Recently British Airways had a massive computer failure and had to cancel hundreds of flights across a couple days. This was a large disruption for travel as tens of thousands of passengers were stranded around the world. In addition to the concerns many of us have about security, I also worry about large scale systems that continue to grow in scale, with more users depending on them, and not necessarily getting updated with modern technologies. While I know many of the customer facing systems have been enhanced for companies like airlines, I’m not sure the core infrastructure that backs these systems has changed.
British Airways has blamed the cause of the outage on a power failure, with some finger pointing between the airline and their outsourcing company. BA appears to say a power surge caused problems with it’s UPS’s and batteries, which resulted in a situation where “the controlled contingency migration to other facilities could not be applied.”

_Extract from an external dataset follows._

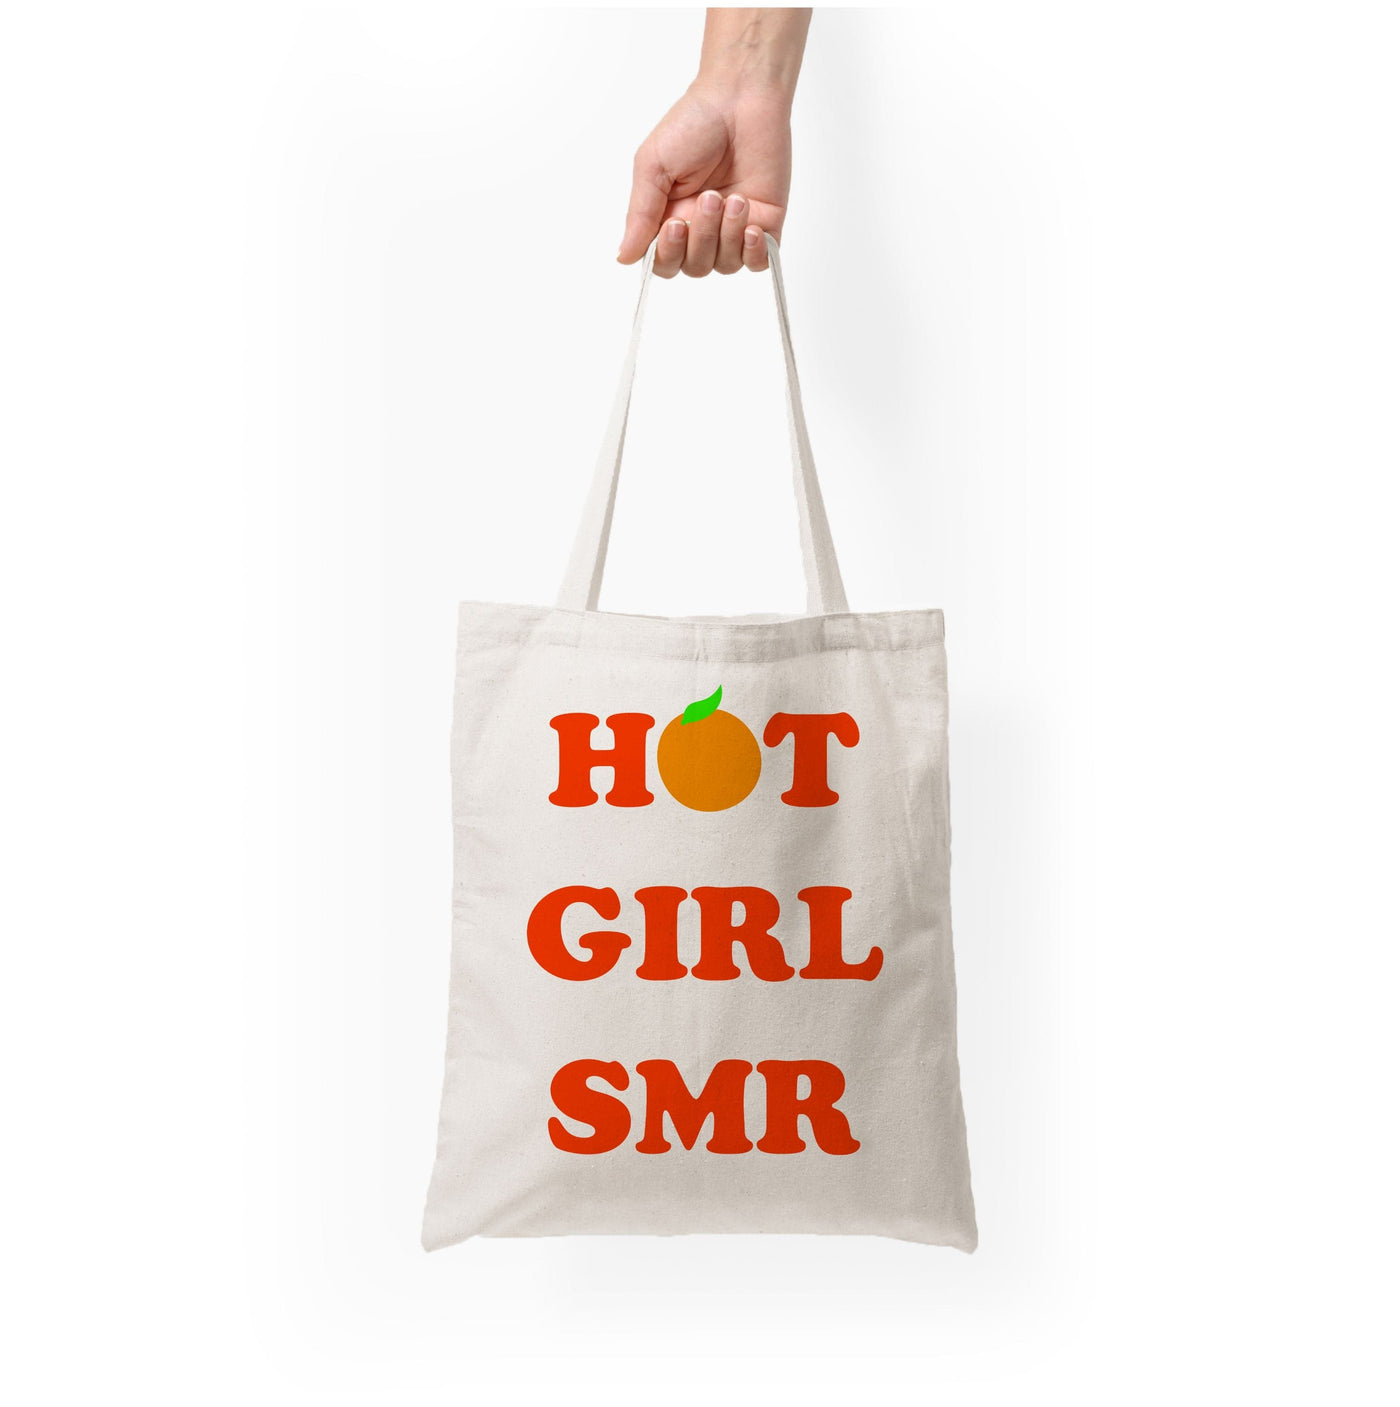 Hot Girl SMR - Summer Tote Bag

I’m sure some of the information being published is carefully vetted by lawyers and doesn’t necessarily reflect the actual technical issue, but it doesn’t matter. A well designed HA solution shouldn’t care if a primary system drops off line, falters, or anything else. In the worst case, any IT system failover can be forced, understanding a potential loss of data. In the SQL world, we could always remove a primary and just go with whatever data is on the secondary. Certainly within a few hours we could be up and running.
I suspect that the architecture of the BA system is not well designed for large failures. I know that dealing with power is tricky. While working for a large company (10k+ employees), our data center went down one day, which affected our public presence, customer support, and plenty of internal systems. We had UPS service underway, which had disconnected main power for some reason and we couldn’t quickly switch to the public grid when a system failed. It took a few hours to reroute power, during which our CTO paced the data center floor in an irate manner. Certainly that didn’t speed things along.

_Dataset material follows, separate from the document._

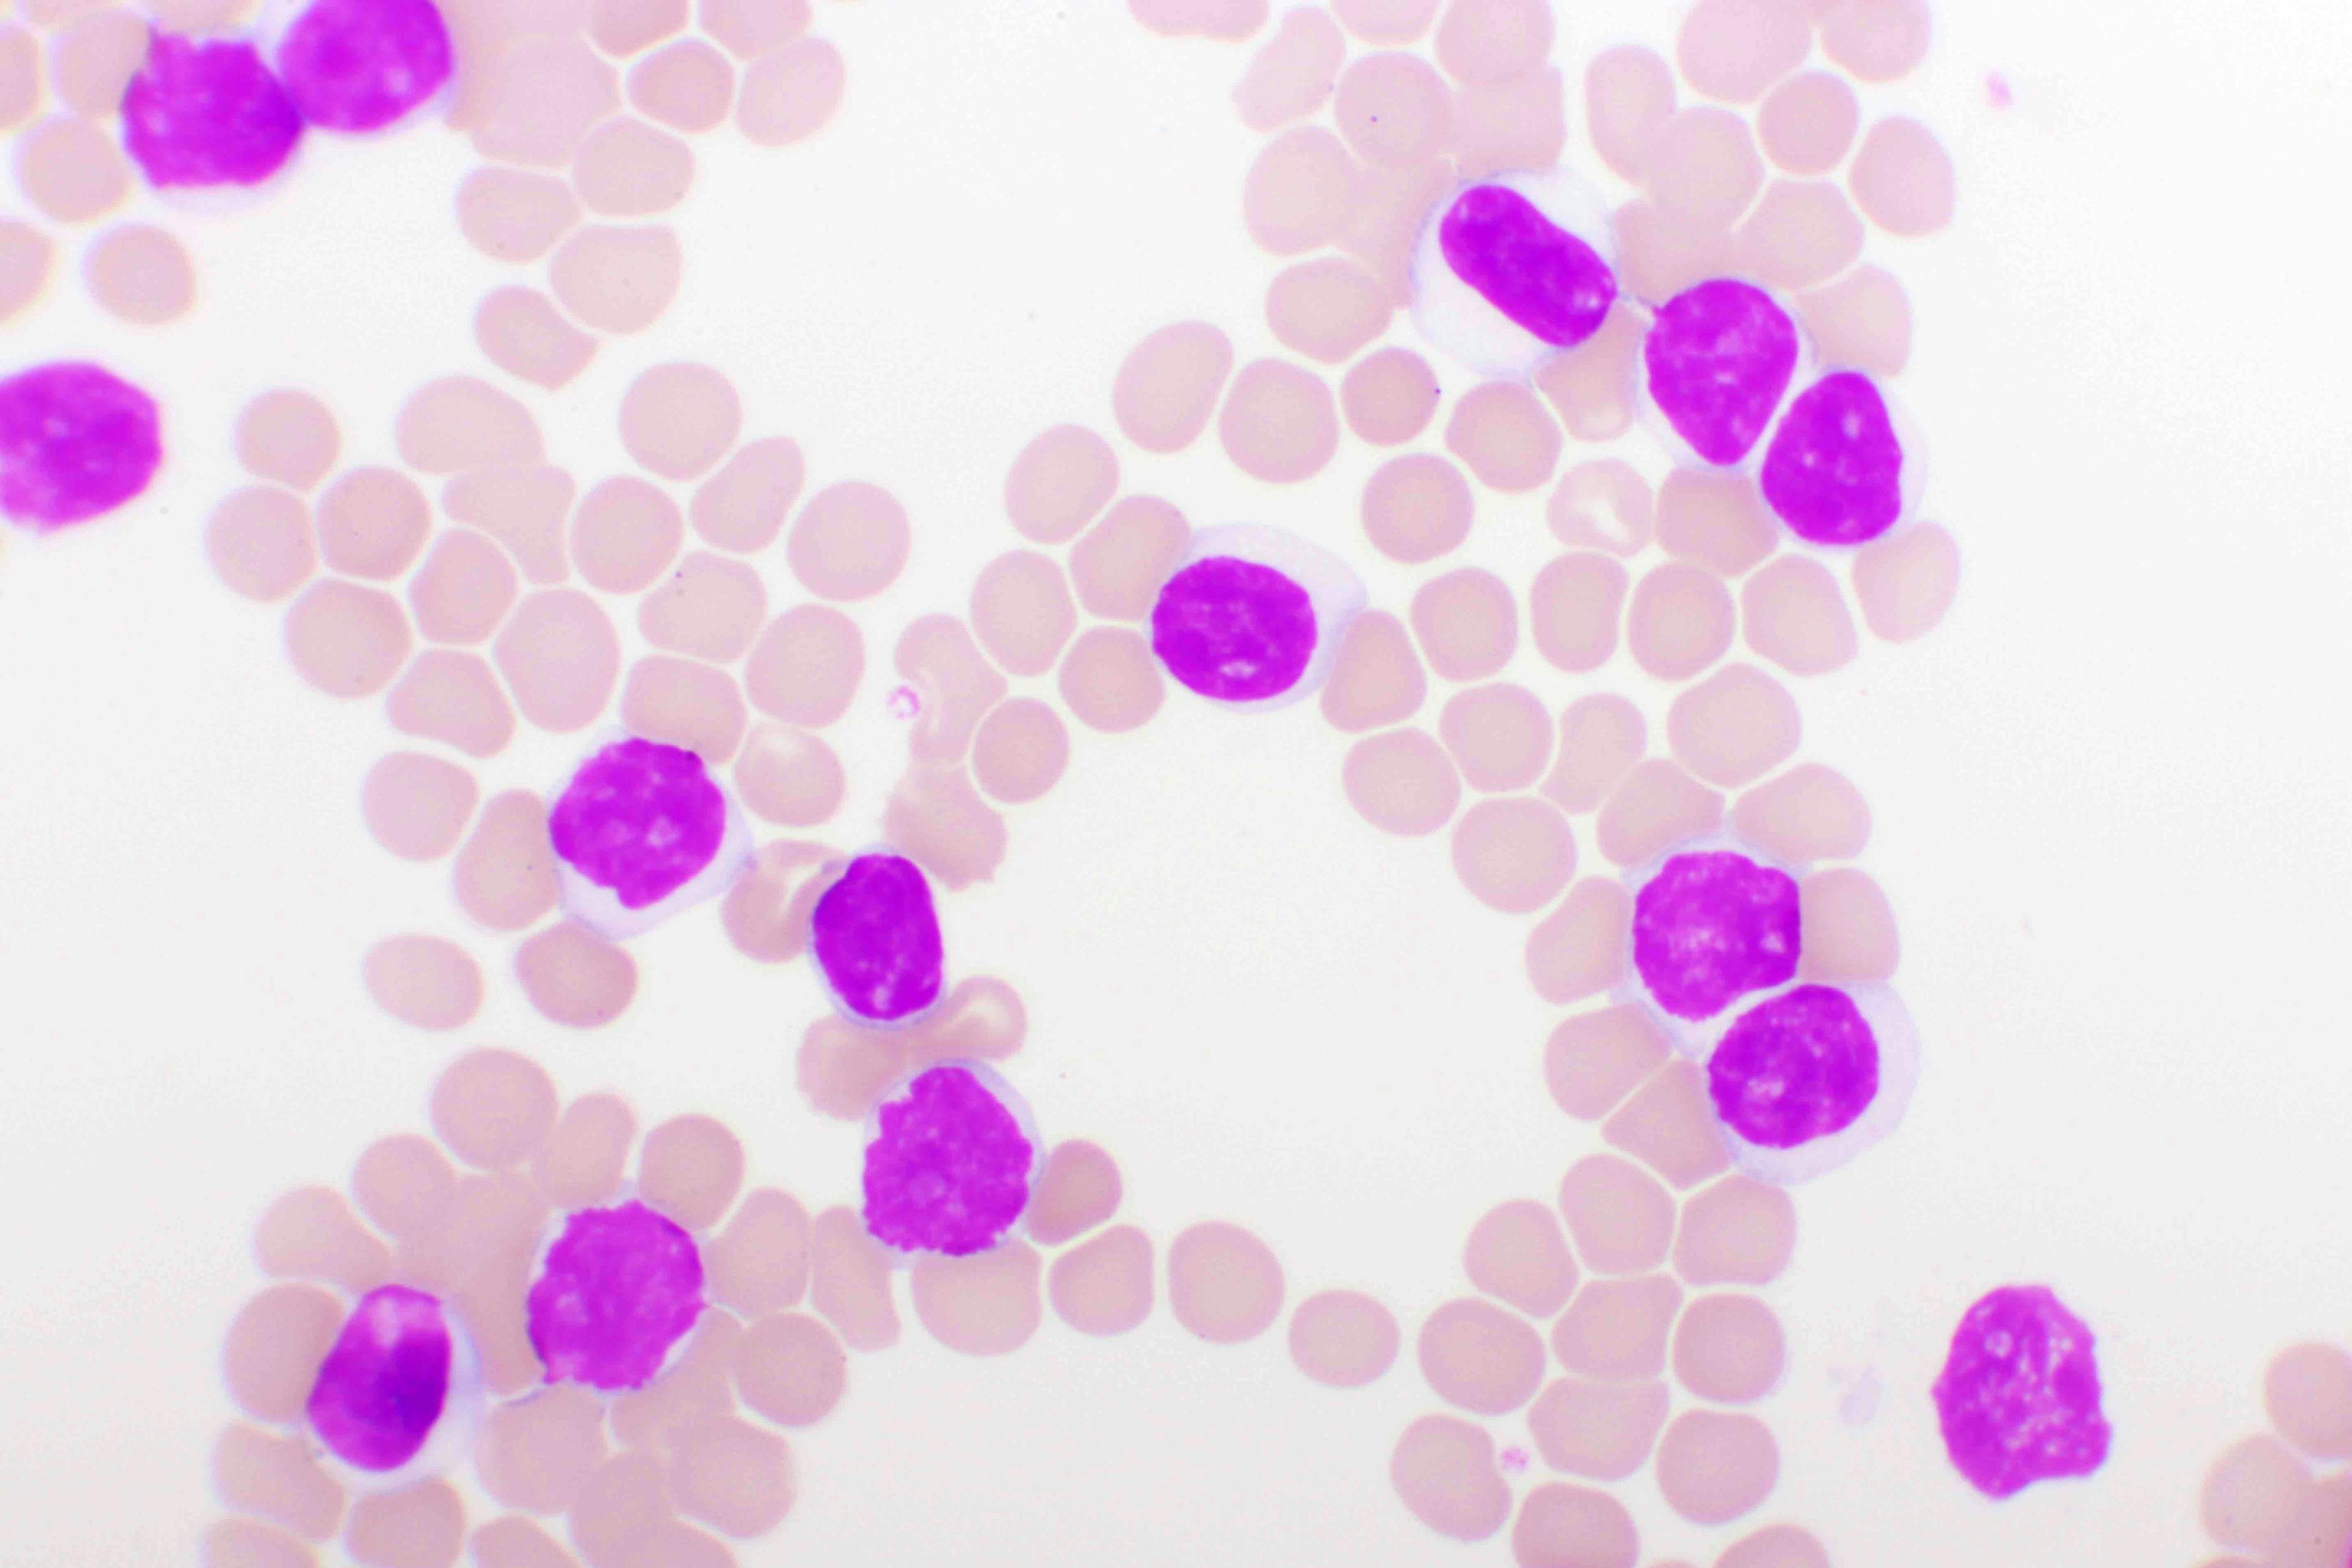 Chronic lymphocytic leukemia | Image Credit: © jarun011 - stock.adobe.com

As noted in the piece I’ve linked, there are some strange inconsistencies with the explanation. It’s entirely likely that a data quality issue caused problems that took hours to rectify. I’ve been on the wrong side of those, working through queries and attempting to piece together some version of the correct data from various sources. If that’s the case, then I’d really like to know what the faliure of their systems allowed bad data to disrupt operations. There are learning opportunities here for us data professionals.
I do hope that some of the details of how BA architected their system gets shared among technical staff. At the least, I’d like to have large companies like UPS, Wal-Mart, British Airways, and other companies publish and share information about technical details and architectures. Some of the tech companies do this already (Amazon, Google, etc.), but it’s good for other industries to share their information as well. We owe it to the industry to learn what works well and what fails as we grow systems to larger scales and more complex interactions. Certainly I’m proud that many SQL Server experts share their experiences, helping others learn and make fewer mistakes in the future.